Information supplied →
^^^^^^^^^^^^^^^^

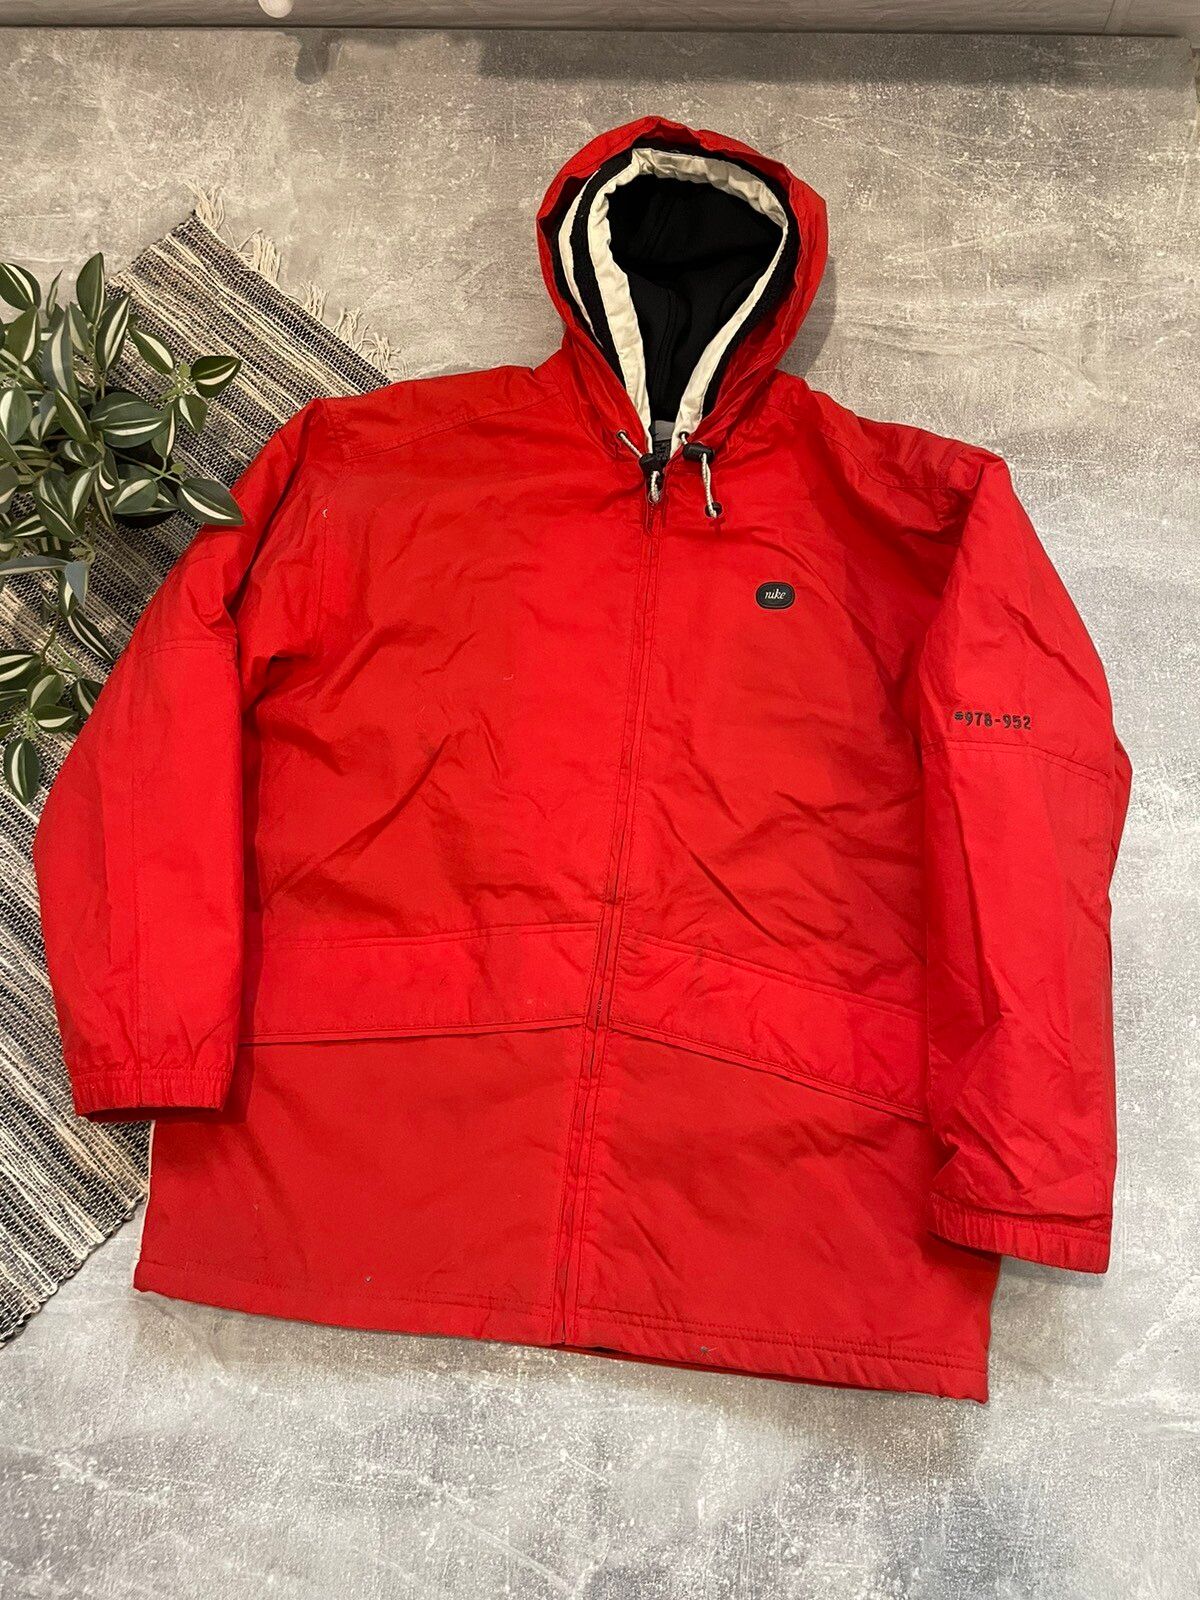 Pre-owned Nike X Outdoor Life Nike Jacket Coat Parka Swoosh Tn Acg Shox Court Gorpcore In Red
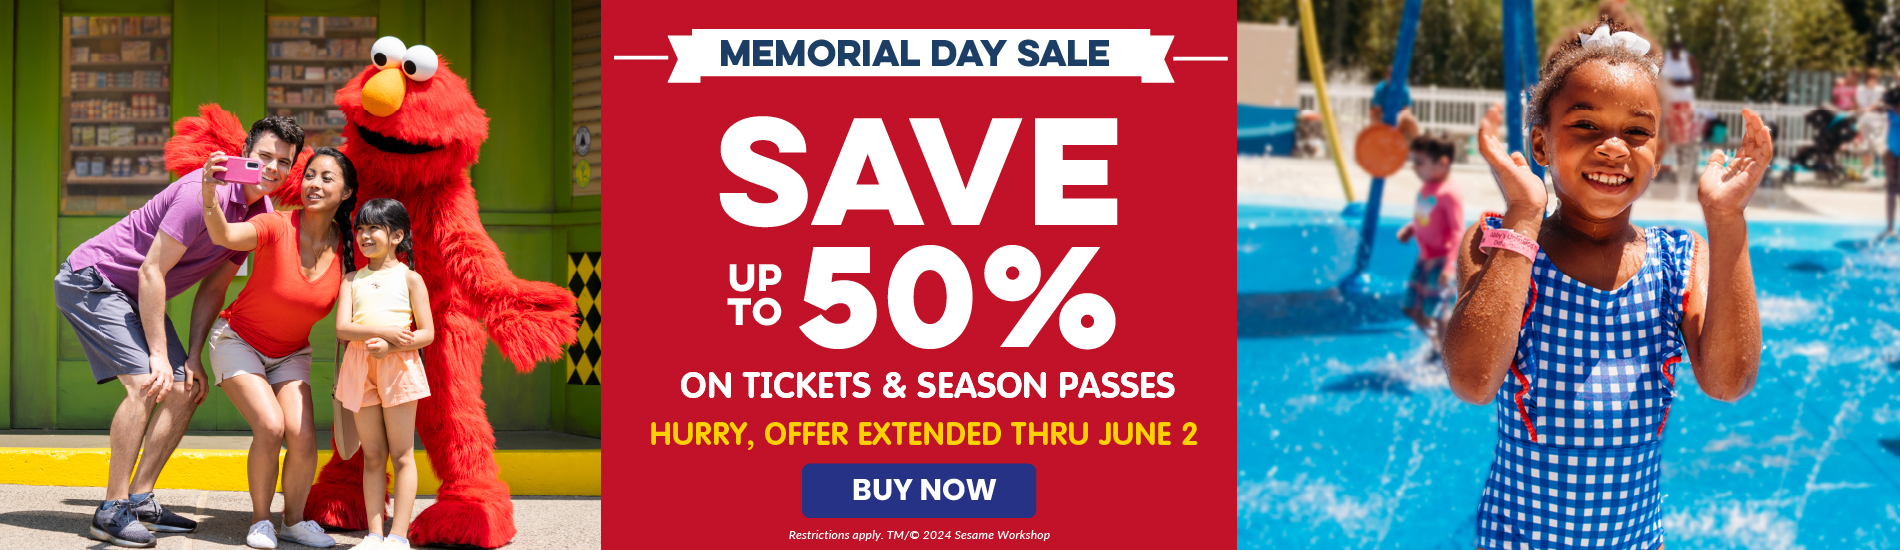 Memorial Day Sale: Save up to 50% on Tickets and Season Passes
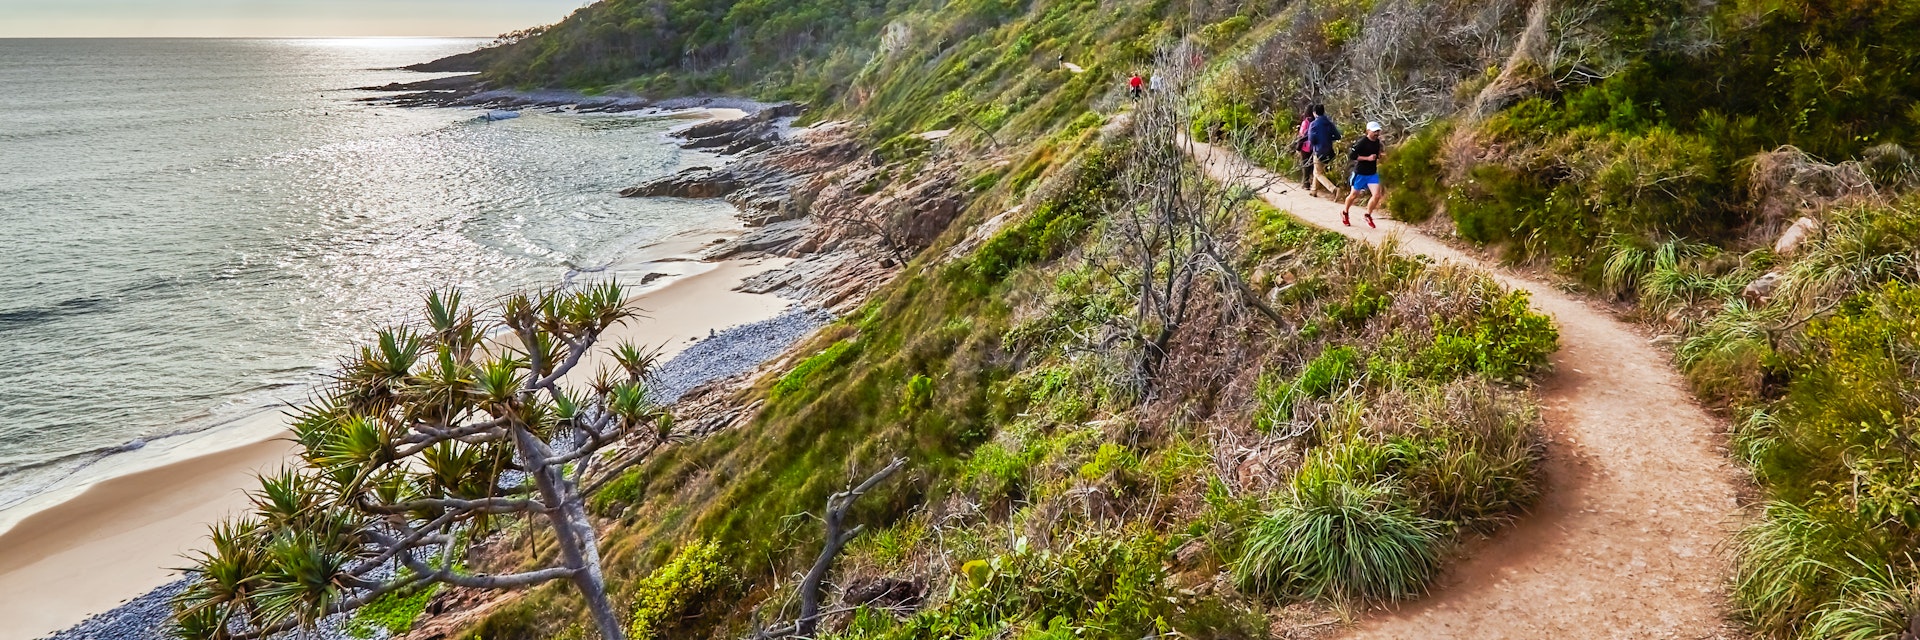 People walking the Coast Track in Noosa National Park.

^^^^^^^^^^^^^^^^

Exercise →
With the line containing "Memorial Day Sale: Save" as the first line and the last line of the listing as the final one, reproduce that span exactly, without pictures.

Output of the task →
 Memorial Day Sale: Save up to 50% on Tickets and Season Passes
 People walking the Coast Track in Noosa National Park.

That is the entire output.